Comment 16 Jes Sorensen 2010-09-01 15:31:12 UTC

Thanks, so we are looking at two different bugs.

Is it possible for you to try to reduce the test case to a simpler setup
that doesn't involve tftp/pxe?

Cheers,
Jes

Comment 17 Cao, Chen 2010-09-02 09:56:46 UTC

(In reply to comment #16)
> Thanks, so we are looking at two different bugs.
> 
> Is it possible for you to try to reduce the test case to a simpler setup
> that doesn't involve tftp/pxe?
> 

Jes,

I have already been testing without tftp/pxe as described in
Comment 15. just used the files under the dir, but not boot from
network.


besides, I have tried on amd-9600b, too, cannot reproduce the bug,
so it can only be triggered on the amd 1216 machine.

and as we have found "-1 EAGAIN (Resource temporarily unavailable)"
in `strace`, is the info related to the bug?

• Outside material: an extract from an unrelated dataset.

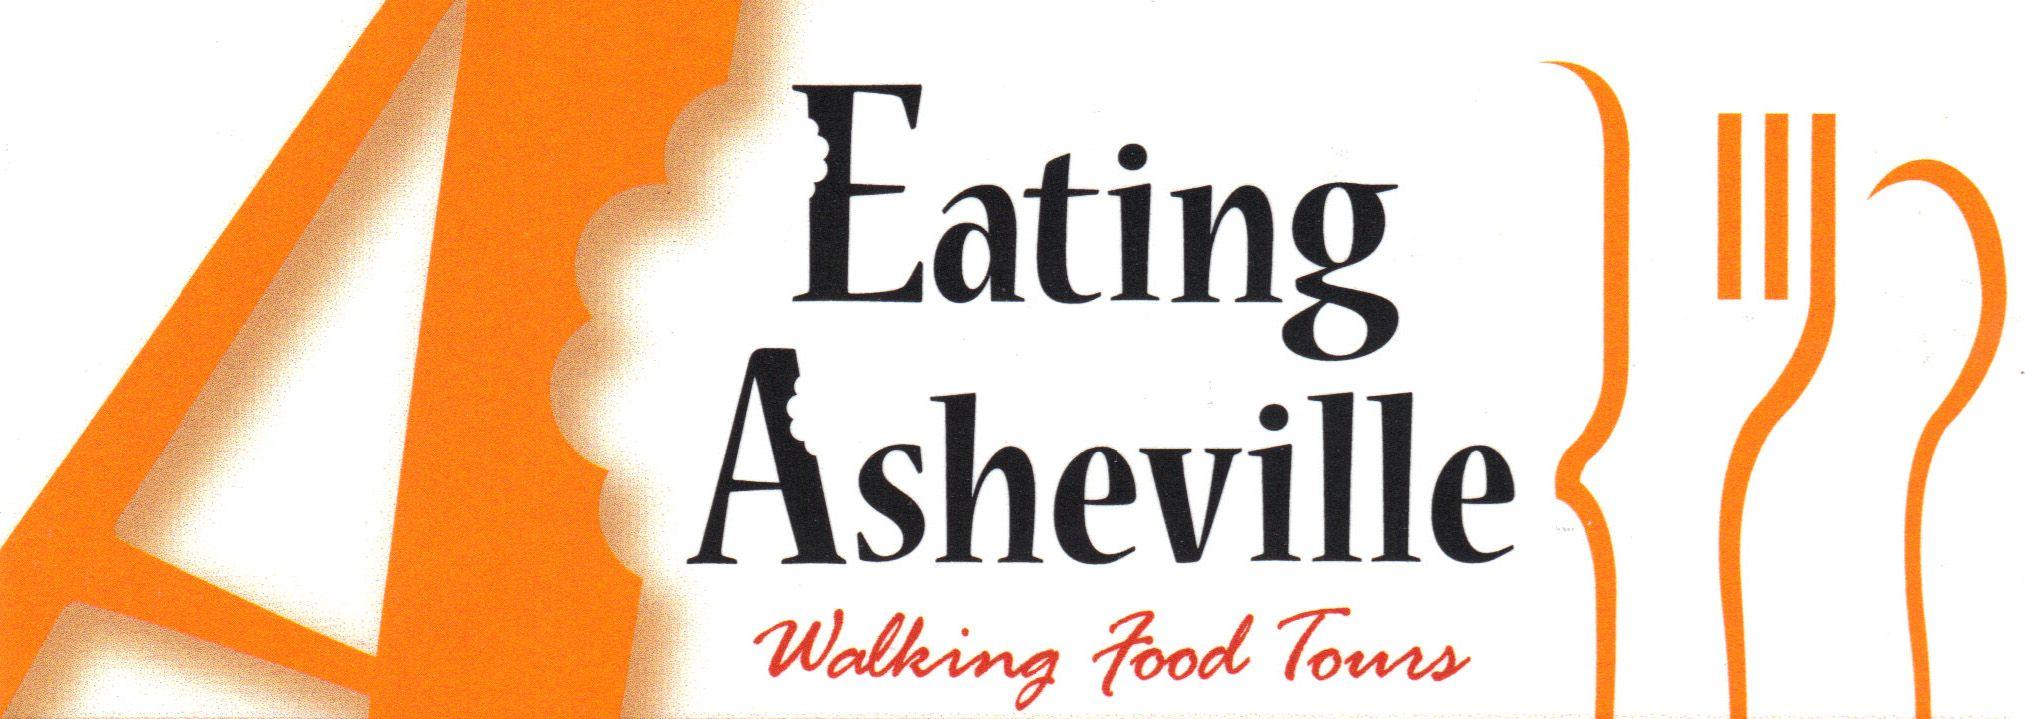 Asheville Logo - Eating Asheville Logo - Reynolds Mansion Bed and Breakfast Inn

attach the cpuinfo of amd-9600b
--
processor       : 3
vendor_id       : AuthenticAMD
cpu family      : 16
model           : 2
model name      : AMD Phenom(tm) 9600B Quad-Core Processor
stepping        : 3
cpu MHz         : 1150.000
cache size      : 512 KB
physical id     : 0
siblings        : 4
core id         : 3
cpu cores       : 4
apicid          : 3
initial apicid  : 3
fpu             : yes
fpu_exception   : yes
cpuid level     : 5
wp              : yes
flags           : fpu vme de pse tsc msr pae mce cx8 apic mtrr pge mca cmov pat pse36 clflush mmx fxsr sse sse2 ht syscall nx mmxext fxsr_opt pdpe1gb rdtscp lm 3dnowext 3dnow constant_tsc rep_good nonstop_tsc extd_apicid pni monitor cx16 popcnt lahf_lm cmp_legacy svm extapic cr8_legacy abm sse4a misalignsse 3dnowprefetch osvw ibs npt lbrv svm_lock
bogomips        : 4609.53
TLB size        : 1024 4K pages
clflush size    : 64
cache_alignment : 64
address sizes   : 48 bits physical, 48 bits virtual
power management: ts ttp tm stc 100mhzsteps hwpstate

Comment 18 Jes Sorensen 2010-09-02 10:13:05 UTC

Hi Chen,

Looks like it could be related to older AMD processors then.
Would you be able to test it on the 9600 box but do this first:

rmmod kvm-amd
modprobe kvm-amd npt=0

and see if the problem shows up there then? It would be interesting
to see if the NPT support makes the problem disappear or not.

Thanks,
Jes

Comment 19 Cao, Chen 2010-09-02 14:39:58 UTC

(In reply to comment #18)
> Hi Chen,
> 
> Looks like it could be related to older AMD processors then.
> Would you be able to test it on the 9600 box but do this first:
> 
> rmmod kvm-amd
> modprobe kvm-amd npt=0
> 
> and see if the problem shows up there then? It would be interesting
> to see if the NPT support makes the problem disappear or not.

Hi Jes,

I have tried 20 times, with npt=0, cannot reproduce this bug.
I can try more later.


Cao, Chen


# cat /sys/module/kvm_amd/parameters/npt
0

Comment 20 Cao, Chen 2010-09-03 01:43:50 UTC

oops, tried again with aio=threads,

hit the problem 5 out of 50 times, so change the subject
to "guest becomes unresponsive when installing on old amd machine"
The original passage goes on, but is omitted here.